The seam between the roof and the 'fender' rear is a laser welded seam.

short form....conventional rust repair is your best bet...


----------



## sciroccohal (May 4, 2005)

*Only the retirees!*



20v master said:


> Even in Arizona? :laugh:



Every piece of iron based metal in the whole world will turn to rust....the trick is....not to own the car by then!

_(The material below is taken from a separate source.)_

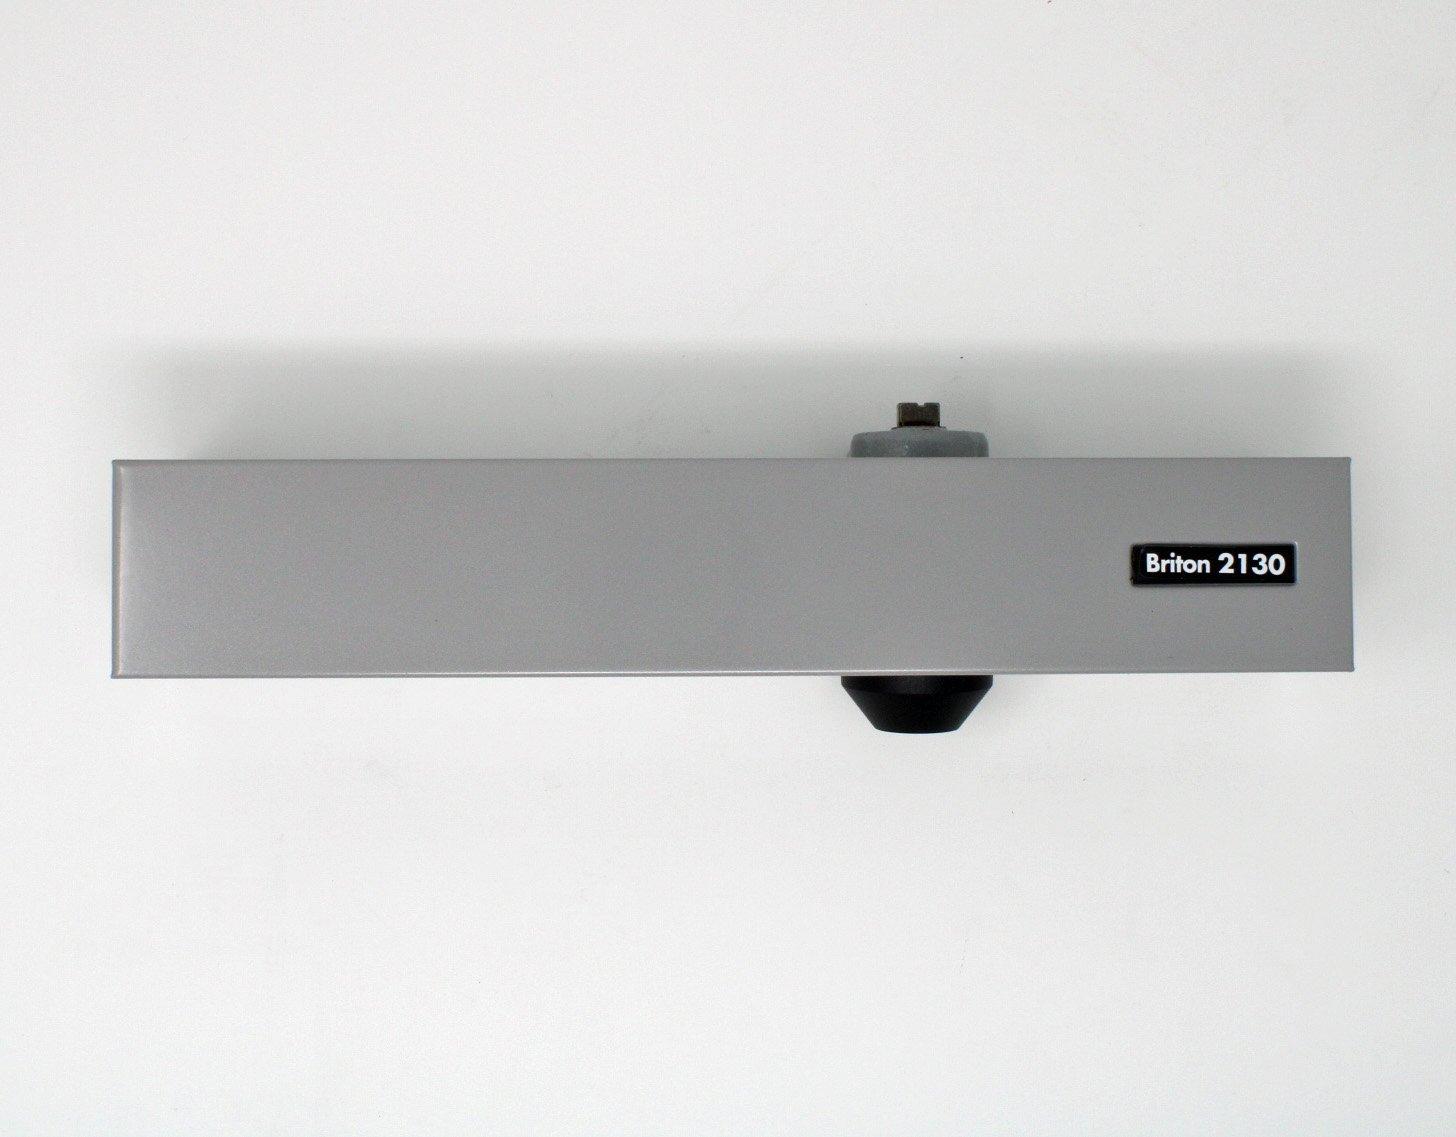 Briton 2130B Size 2-6 Overhead Door Closer With Backcheck

In Arizona.....everything plastic turns to powder!


----------



## Von Stiegan (Feb 20, 2013)

Find a donor for some of the more complex shapes like the wheel house if you can..But most custom rod shops keep sheet metal.And a good body man will have no trouble with this.Snap-on even makes a cool spot sand blaster.Mud of course will be a necessary evil.Most likely looking at a complete paint job.(I would anyway) It's going to be down for a while for sure. So the question is, how much do you love your ride?


----------



## G'D60 (Mar 11, 2002)

Von Stiegan said:


> Find a donor for some of the more complex shapes like the wheel house if you can..But most custom rod shops keep sheet metal.And a good body man will have no trouble with this.Snap-on even makes a cool spot sand blaster.Mud of course will be a necessary evil.Most likely looking at a complete paint job.(I would anyway) It's going to be down for a while for sure. So the question is, how much do you love your ride?


This is true. Mine was down for almost a month. full respray to boot. not cheap but it look so much better. pix will come when i get my mesh mounted.


----------